Everyone is here for a purpose, and to find that purpose, we have to look into our hearts for guidance, Morowit explained. And this is where faith comes in, she said, as when Mother Teresa wrote: “We are all pencils in the hand of God.”

In reaching back to the time of Cicero, one of Rome’s greatest orators who lived a century before the birth of Christ, Morowit not only expanded on one of the five most important lessons she has learned in her young life but also provided proof of the enduring nature of wisdom that never goes stale or obsolete. “Gratitude,” she quoted the Roman statesman, “is not only the greatest of virtues, but the parent of all others.” Morowit used this as a springboard to acknowledge the vital roles her parents, close relatives and especially her late grandmother played in her life. Her parents have always “fostered my dreams,” she said, from the time they walked her at age three through the campus of the University of California, Berkeley where they are both alumni. She also acknowledged the parental role her aunt and uncle played in her growing up, planting in her the seed of a “potential career in the legal realm.” Morowit is UC Berkeley-bound where she plans to study political science along with communications.

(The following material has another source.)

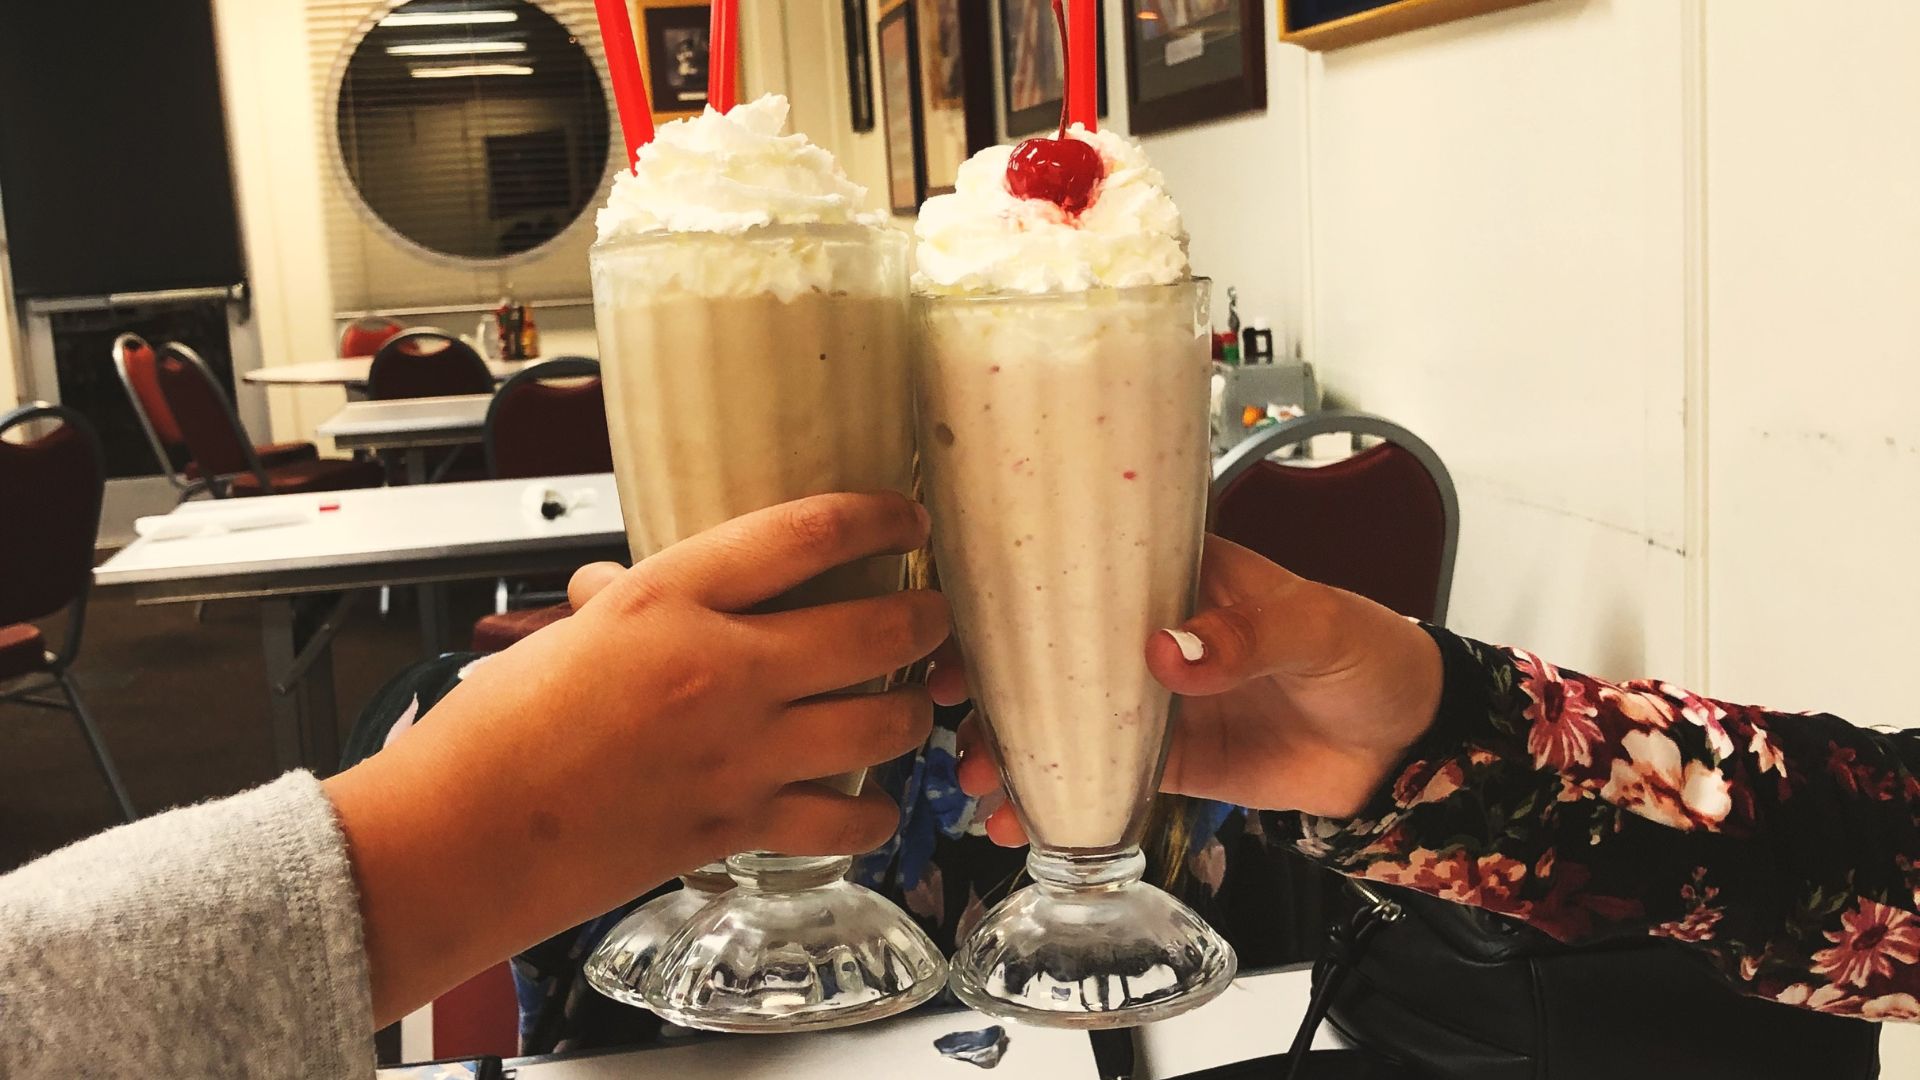 Três pessoas morrem após tomar milkshake contaminado em restaurante nos EUA

But it was Morowit’s grandmother that brought the tears. Her grandmother had fought hard to be around at her graduation; unfortunately, she succumbed to cancer before the red-letter day.

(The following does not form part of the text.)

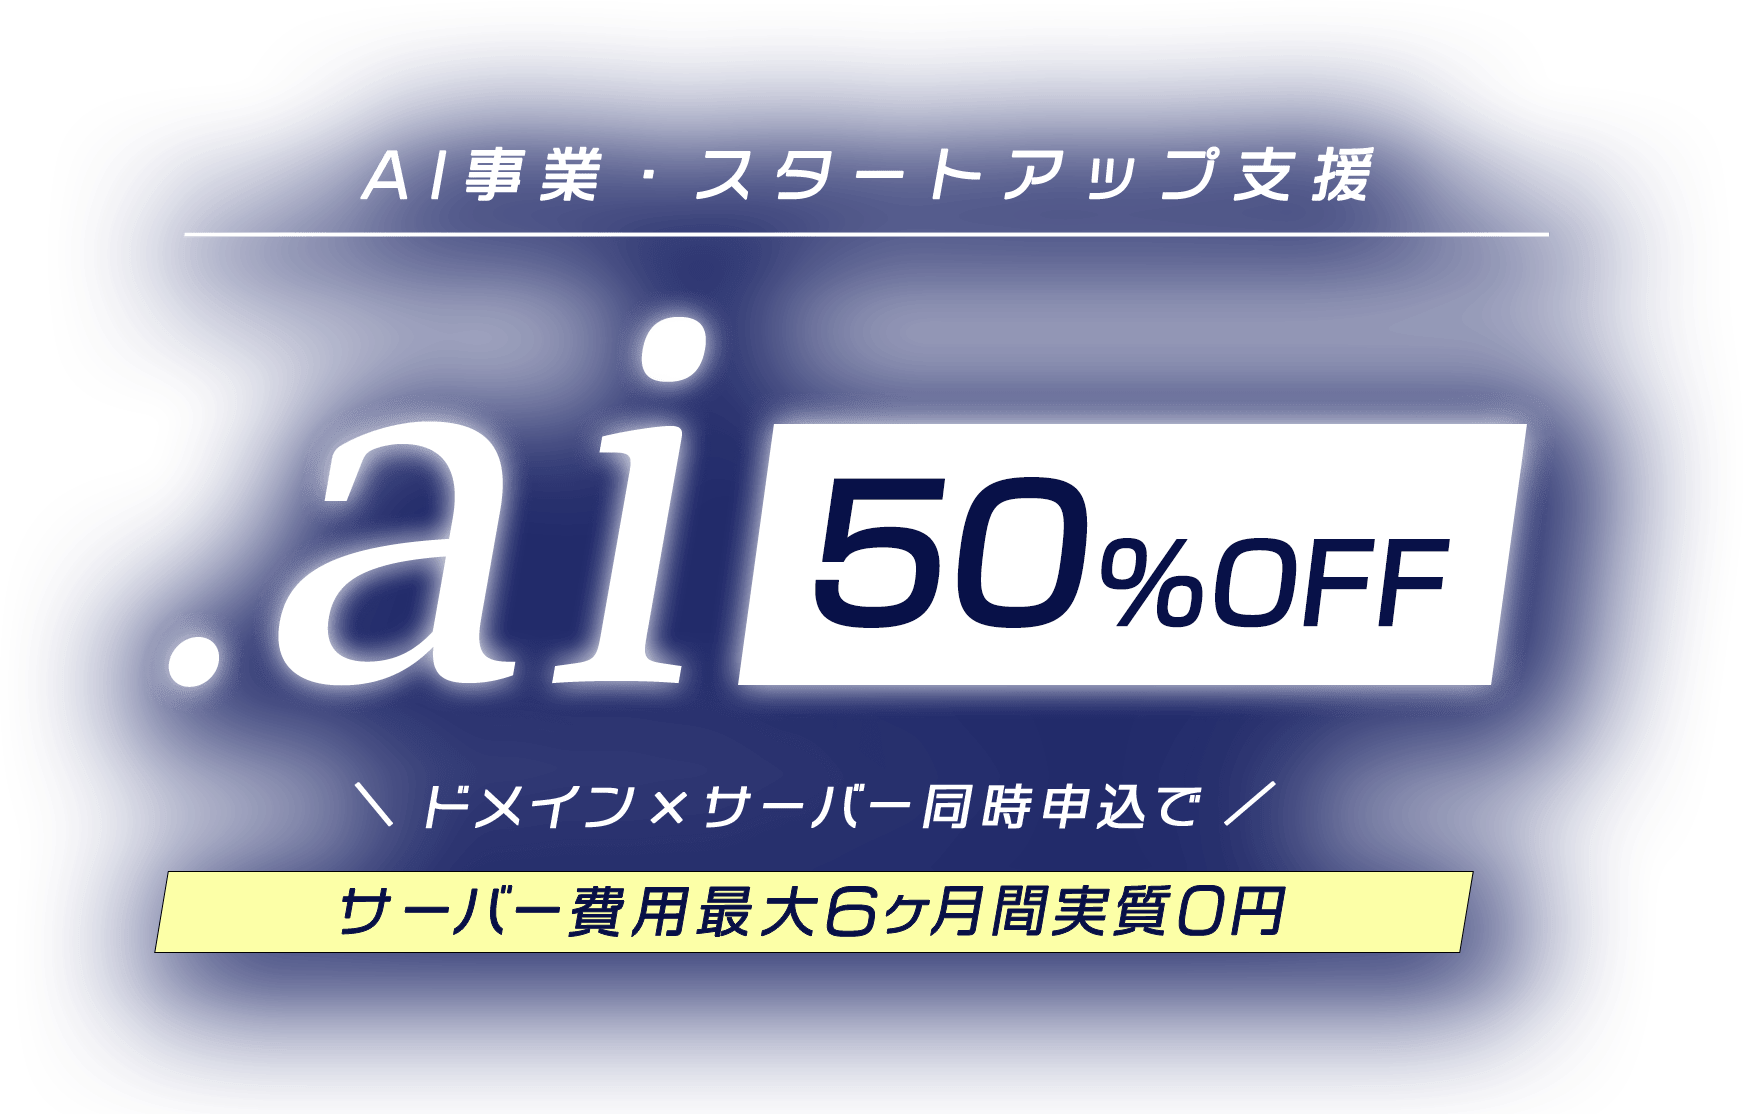 AI事業・スタートアップ支援 ドメイン・サーバー同時申し込みでサーバー費用最大6ヶ月間実質0円

“I dedicate this entire day to my grandmother. I know you’re not here but you’re with me in spirit. You are my hero,” said Morowit through her tears.

In her message of hope to her fellow graduates, Morowit scanned her senior classmates in the audience and said that in their faces she was seeing doctors, entrepreneurs, politicians, teachers and artists of the future.

“Discover what makes you happy,” she told her soon-to-be former classmates, and “be optimistic and believe in your dream.”

As a parting word, she shared with them the hope-filled words of Eleanor Roosevelt, “The future belongs to those who believe in the beauty of a dream.”

Salutatorian Delaine Quaresma, in her salutatory address, pointed out that the word “success,” based on its definition in the dictionary, best describes the Class of 2010. They are not just the smartest, based on the results of STAR tests, but their class with its 410 graduates is one of Sierra High’s largest senior classes to date, said the daughter of Raymond and Sue Quaresma who is bound for the University of California, Los Angeles where she plans to major in biology.

Despite the threat of rain throughout the roughly hour and a half graduation ceremony in the Daniel Teicheira Stadium, Mother Nature cooperated until shortly after the start of the distribution of diplomas. However, while several people left the bleachers and sprinted to their vehicles, many more steadfastly remained in their seats and opened their large multi-colored umbrellas. Just as the rain began to fall, just behind the eastern bleachers appeared in a symbolic manner a 180-degree bright rainbow.